4. Qiyas (Analogi) yang digunakan apabila
tidak ada nash yang sharih dalam Al-Qur’an, hadits maupun Aqwal Asshabah.
5. Istihsan yaitu keluar atau menyimpang
dari keharusan logika menuju hukum lain yang menyalahinya dikarenakan tidak
tepatnya Qiyas atau Qiyas tersebut berlawanan dengan Nash.
6. Ijma’ yaitu kesepakatan para mujtahid
dalam suatu kasus hukum pada suatu masa tertentu.
7. ‘Urf
yaitu adat kebiasaan orang muslim dalam suatu masalah tertentu yang tidak
ada nashnya dalam Al-Qur’an, Sunnah dan
belum ada prakteknya pada masa sahabat.
Karya besar besar
yang ditinggalkan oleh Imam hanafi yaitu Fiqih Akhbar, Al ‘Alim Walmutam dan
Musnad Fiqih Akhbar.

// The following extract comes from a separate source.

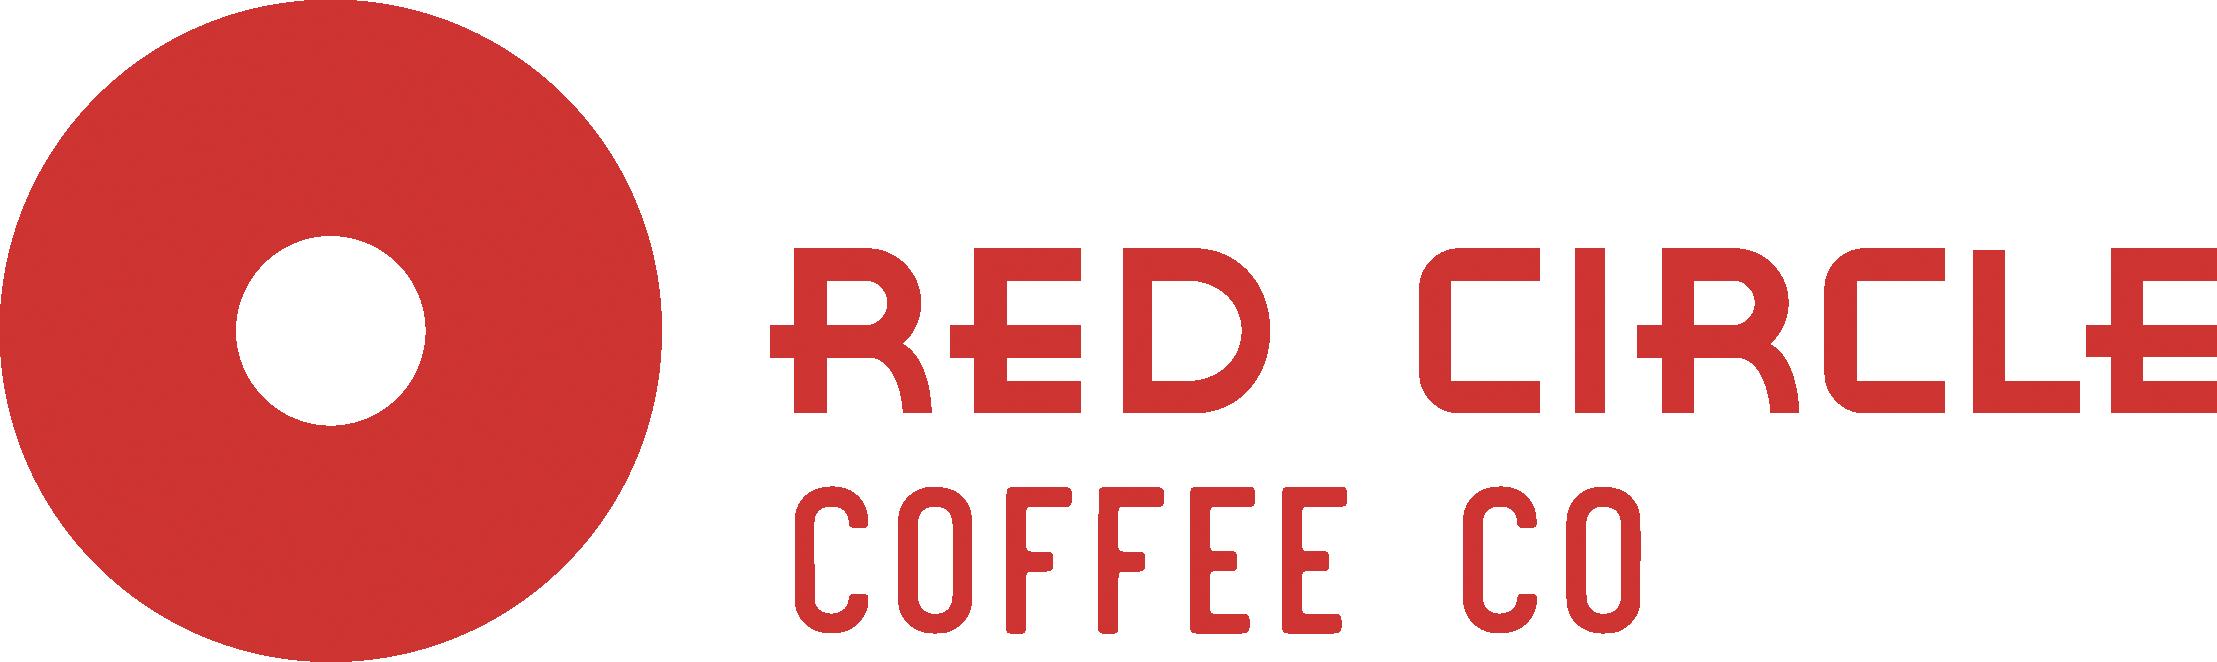 Red Circle Coffee Co. Logo
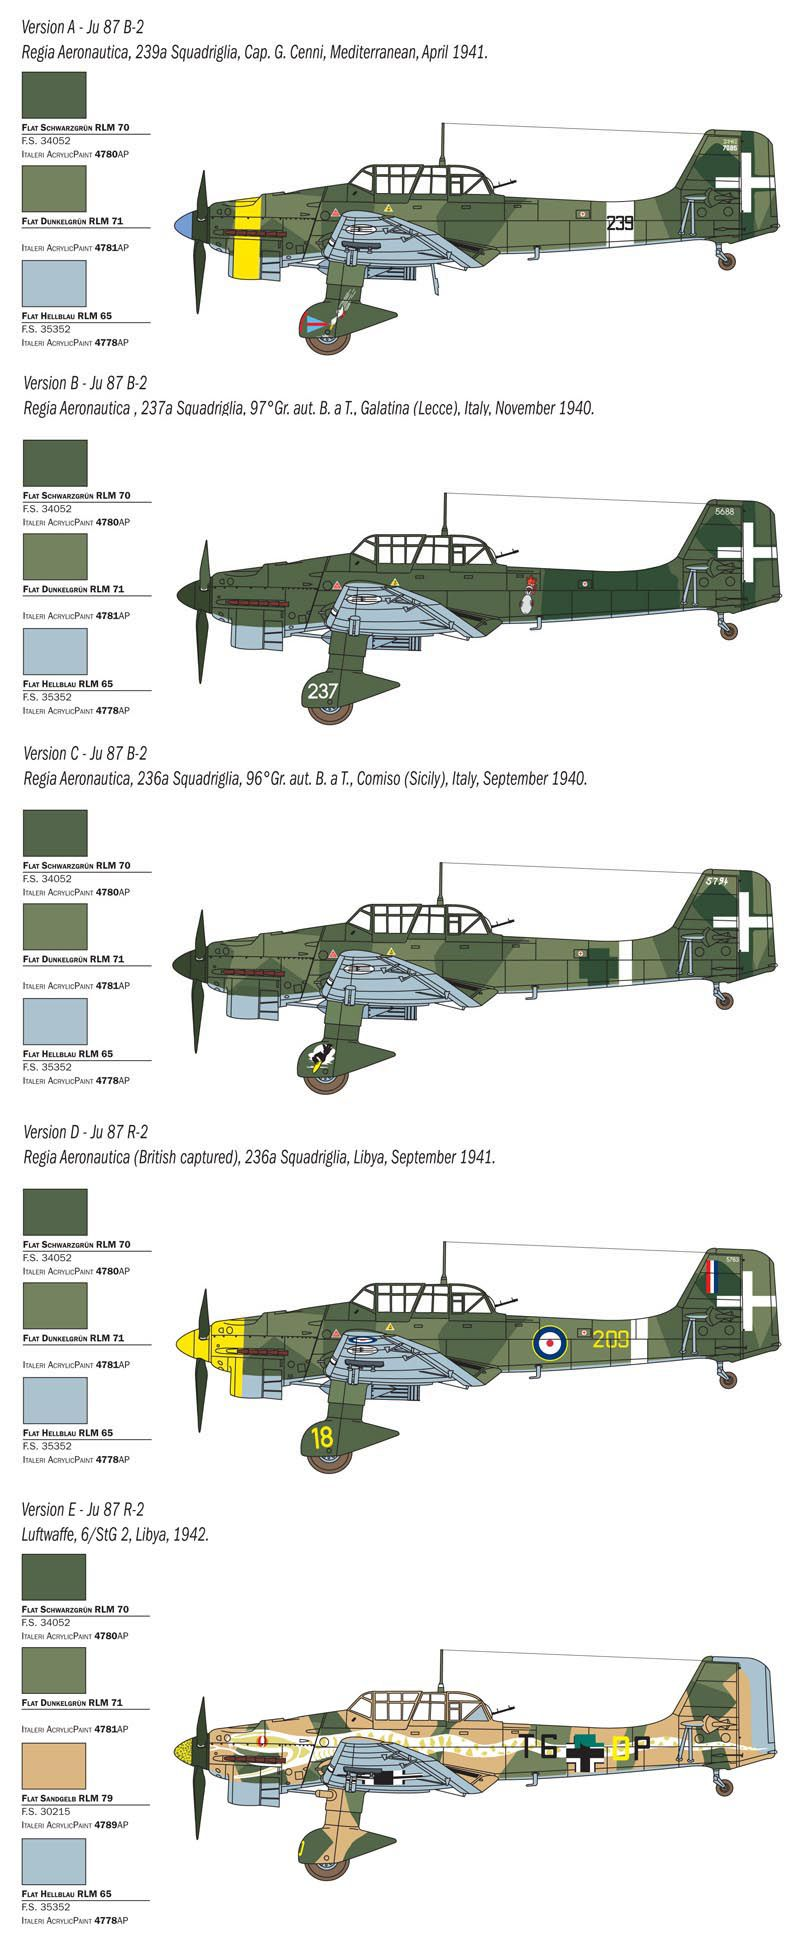 JU 87 B-2/R-2 PICCHIATELLO - 1/48 - Italeri 2769  - BLIMPS COMÉRCIO ELETRÔNICO

Imam hanafi dalam
memberikan pengajaran kepada murid-muridnya yang telah dewasa ialah dengan
menekankan agar murid-muridnya dapat lebih kritis dan dewasadalam berfikir,
tidak hanya menitik beratkan kepada apa yang telah beliau jelaskan saja, dengan
maksud agar para murid-muridnya dapat mencari dan menyelidiki dari mana asal
dan sumber pengetahuan yang beliau sampaikan serta membahas hukum-hukum agama
dengan sebaik-baiknya, seluas-luasnya dan dengan arti kata yang sebenarnya
mengikuti ajaran Allah dan sunah-sunah rasulnya.
Lebih jelasnya bahwa imam hanafi terhadap para
muridnya hanya selaku pengajar (guru) saja dan tidak terikat pribadi beliau.

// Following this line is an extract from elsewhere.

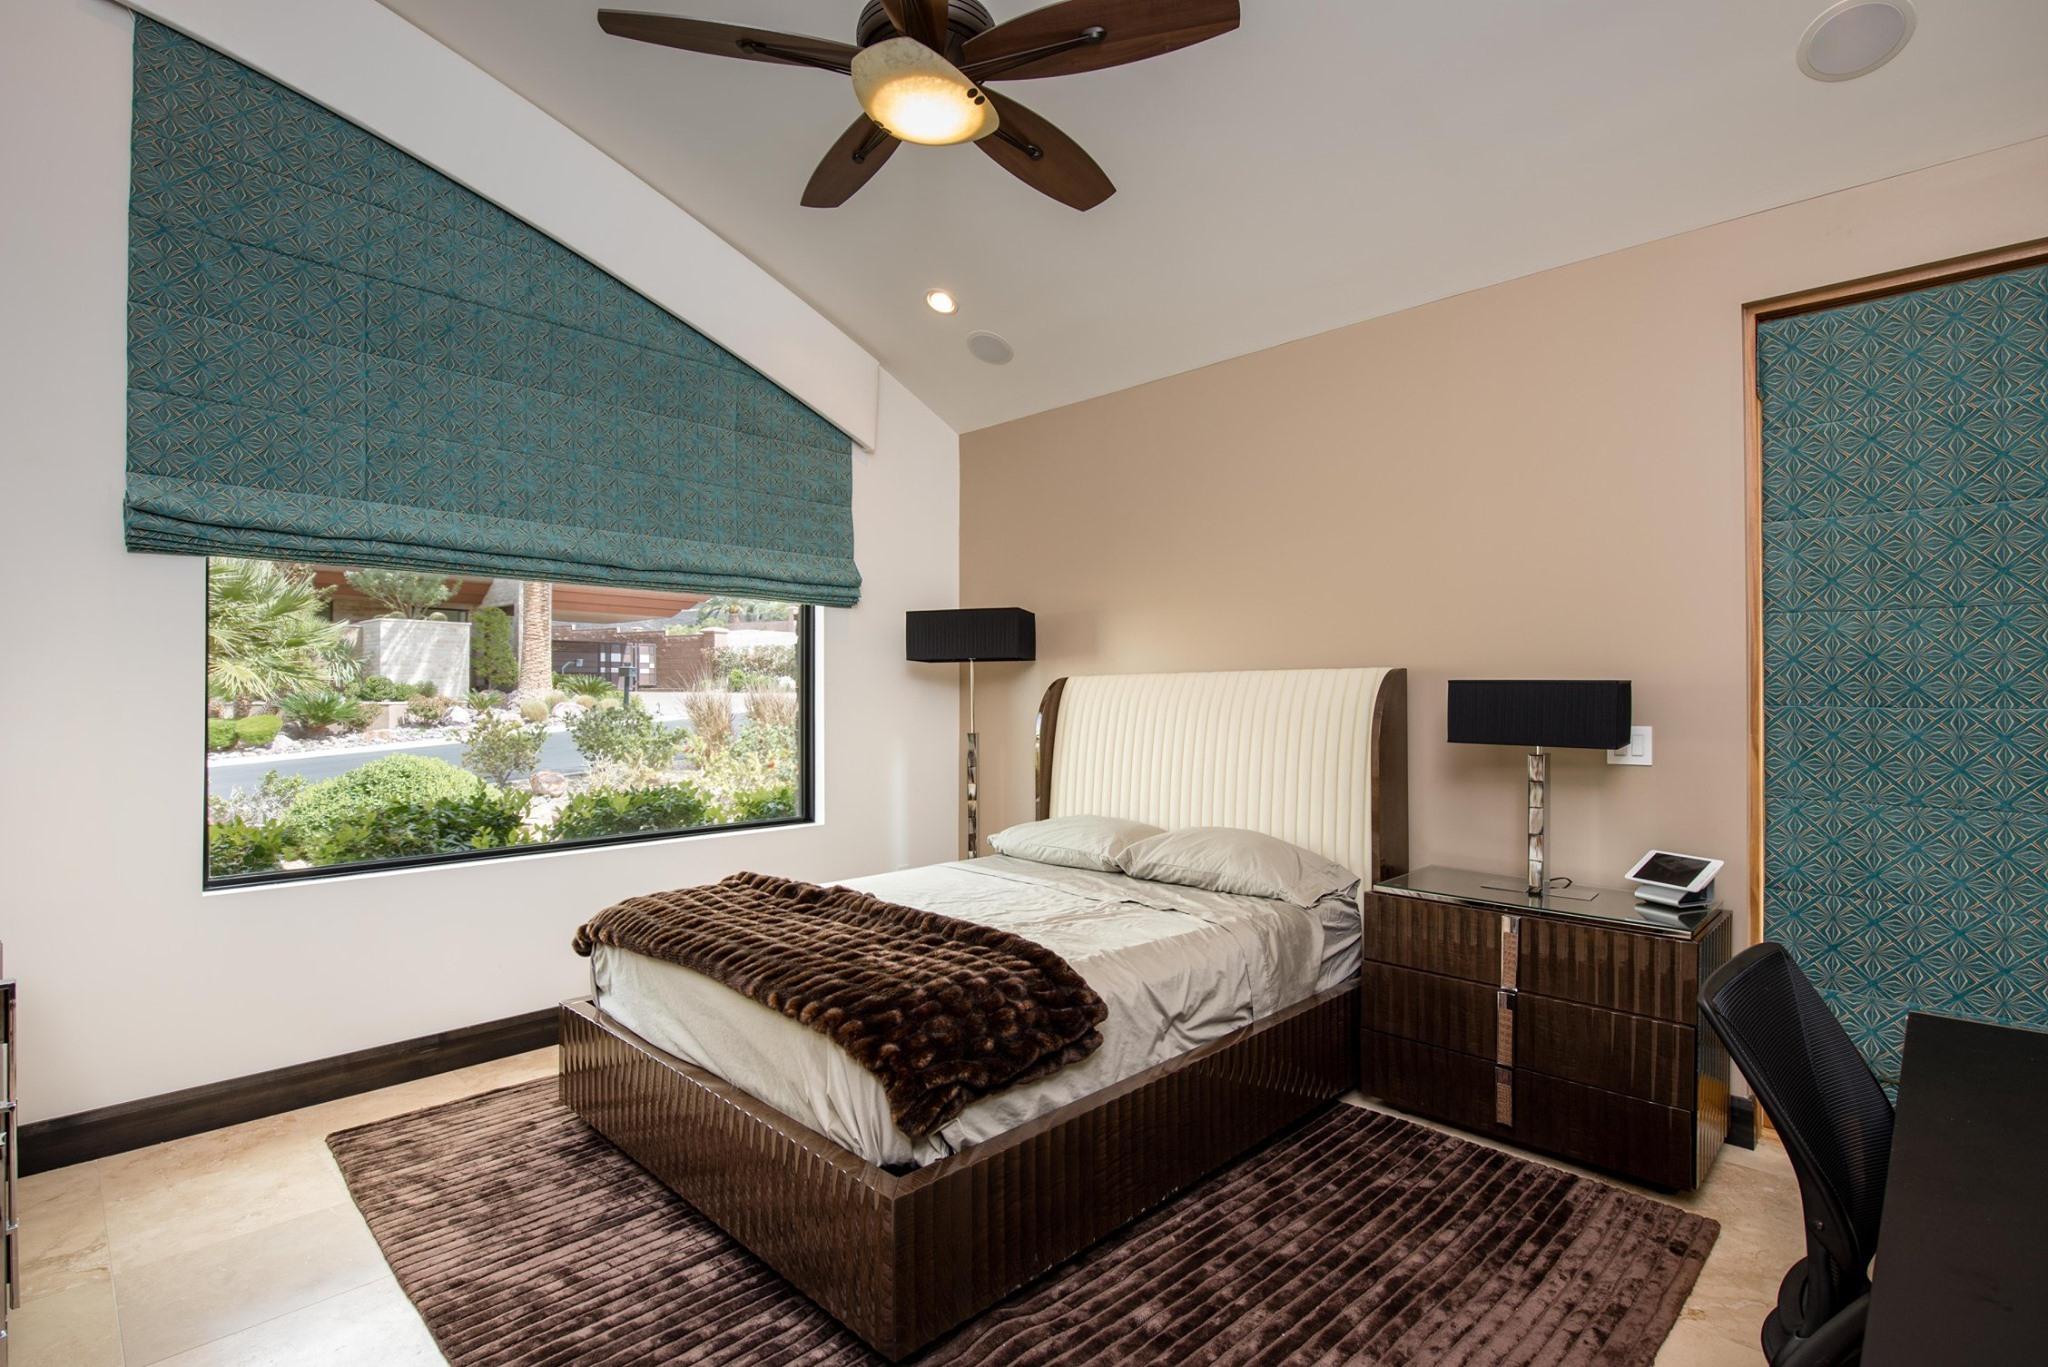 Cantoni Modern Furniture – Natural Talalay Latex Pillow Store In Irvine California

Mereka diberi kemerdekaan untuk berfikir, dibebaskan untuk memecahkan
masalah-masalah yang perlu dipecahkan, bahkan sewaktu-waktu diperkenankan untuk
membantah terhadap pengajaran-pengajaran atau pendapat-pendapat beliau tentang
segala masalah yang kiranya terasa olehnya menyalahi wahyu ilahi atau
berlawanan dengan hadits nabi, yang disertai dengan penyelidikan akal yang
bersih, murni dari segala macam pengaruh.
Abu Hanifah di dalam mengeluarkan hukum-hukum fiqih seperti
apa yang dikatakannya: “Sesungguhnya saya berpegang teguh dengan kitab Allah
jika saya menemui ketentuan hukumnya. Jika saya tidak menemui ketentuan di
dalamnya, maka saya berpedoman dengan Sunnah Rasulullah. Jika tidak saya temui
dalam Kitab Allah dan Sunnah Rasulullah, maka saya akan berpedoman pada
pendapat-pendapat para sahabat beliau, dan jika saya tidak menemukan ketentuan hukum
tersebut maka saya akan berijtihad sebagaimana mereka berijtihad.[6]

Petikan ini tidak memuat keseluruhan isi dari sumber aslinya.